Politisch agieren

ID: 1028

Kategorie: Diskussion und Debatte

Akteur*innen-Ebene: Baugemeinschaft

Strategie-Ebene: Gruppe, Governance

Problem: Baugemeinschaften werden von den Kommunen als zu klein oder unbedeutend wahrgenommen. Zudem verfügen selbstorganisierte Projekte über keine öffentlich wahrgenommene starke Stimme, die selbstverständlich in die politischen Bereichen der Stadtentwicklung einbezogen wird.

Kontext: Viele Baugemeinschaften sind im Kontakt mit der Stadt und Verwaltung vor allem mit der Umsetzung ihres Bauvorhabens beschäftigt, also mit der Grundstücksfindung und dem -kauf oder wenn es darum geht, das eigene Konzept anerkannt zu bekommen. Sie nehmen sich aber nicht unbedingt darin als Akteurinnen wahr, die darüber hinausgehend Akzente, die in die Stadtgesellschaft wirken, setzen können. Diese Nicht-Einmischung kann gute Gründe haben, wenn Baugemeinschaften z. B. nicht für politische Versäumnisse die Verantwortung übernehmen wollen.
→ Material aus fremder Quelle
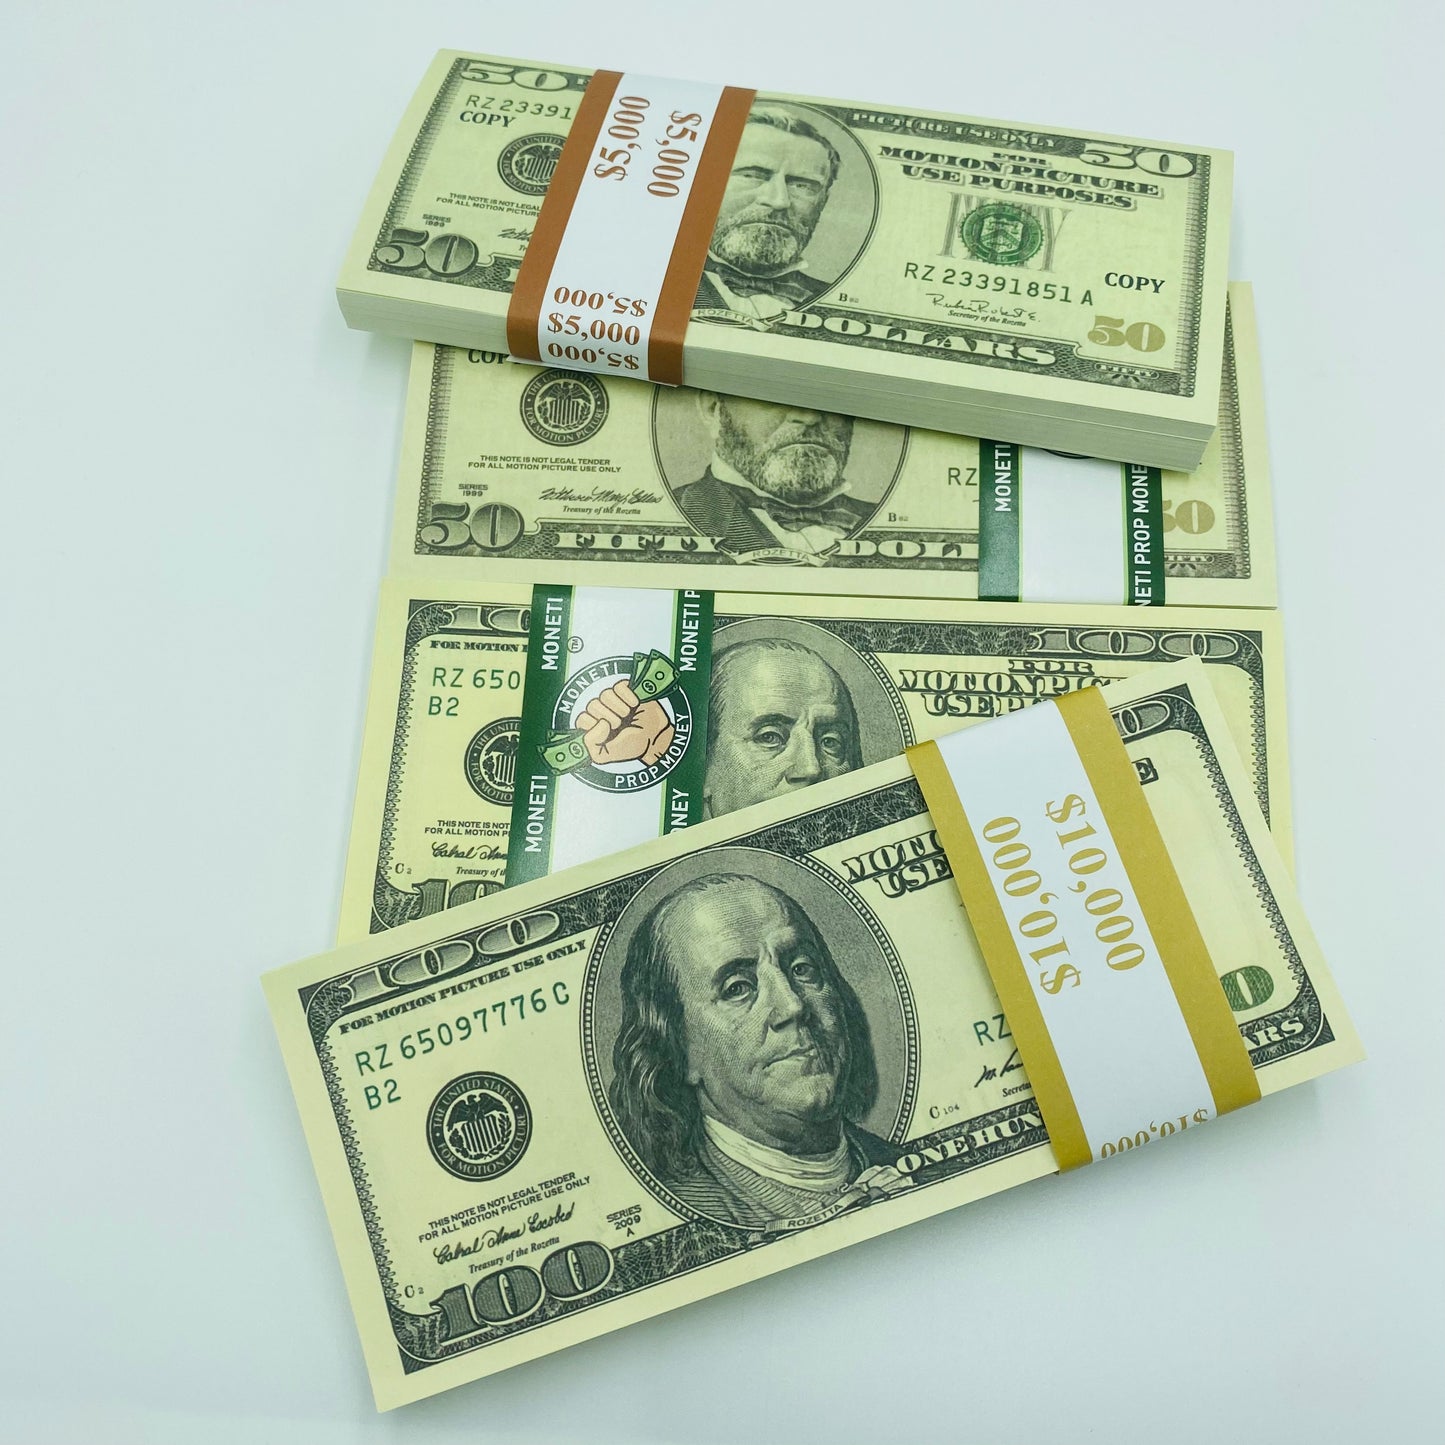 Old US Dollar Prop Money 100 pcs Mix $100 $50 Fake Money 2 Side Looks Real

Wenn beispielsweise der Eindruck bei Gruppen entsteht, Baugemeinschaften sollten verpasste Ziele des sozialen Wohnungsbaus umsetzen, kann es auch sinnvoll sein, sich davon abzugrenzen.
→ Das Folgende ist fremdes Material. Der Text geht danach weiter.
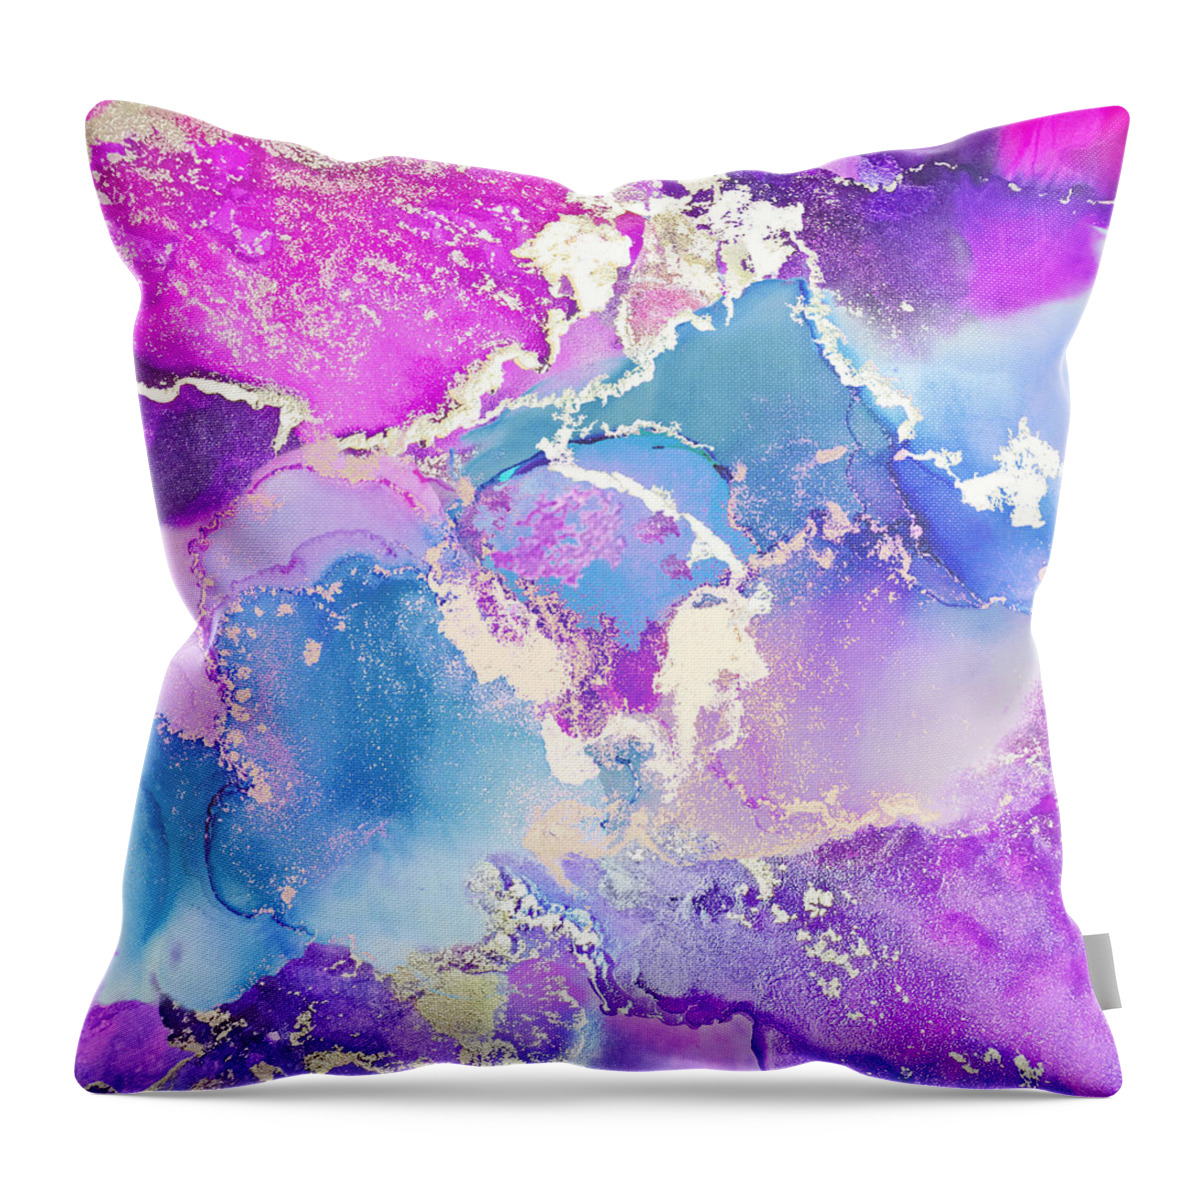 Magenta Throw Pillow featuring the digital art Uplifting by Linda Bailey

Nichtsdestotrotz  kann es auch von Nachteil sein, die eigenen Interessen nicht in einen größeren Zusammenhang zu stellen und in der Öffentlichkeit zu formulieren, denn so wird verhindert, dass eine politische Durchsetzungskraft entsteht. Themen wie Recht auf Stadt, Recht auf bezahlbares Wohnen, der Umgang mit Bodenpolitik und das Schaffen von lebendigen Quartieren werden von Baugemeinschaften oft „nebenbei“ mit angesprochen und hergestellt, ohne dass dies in der öffentlichen Wahrnehmung immer deutlich wird. 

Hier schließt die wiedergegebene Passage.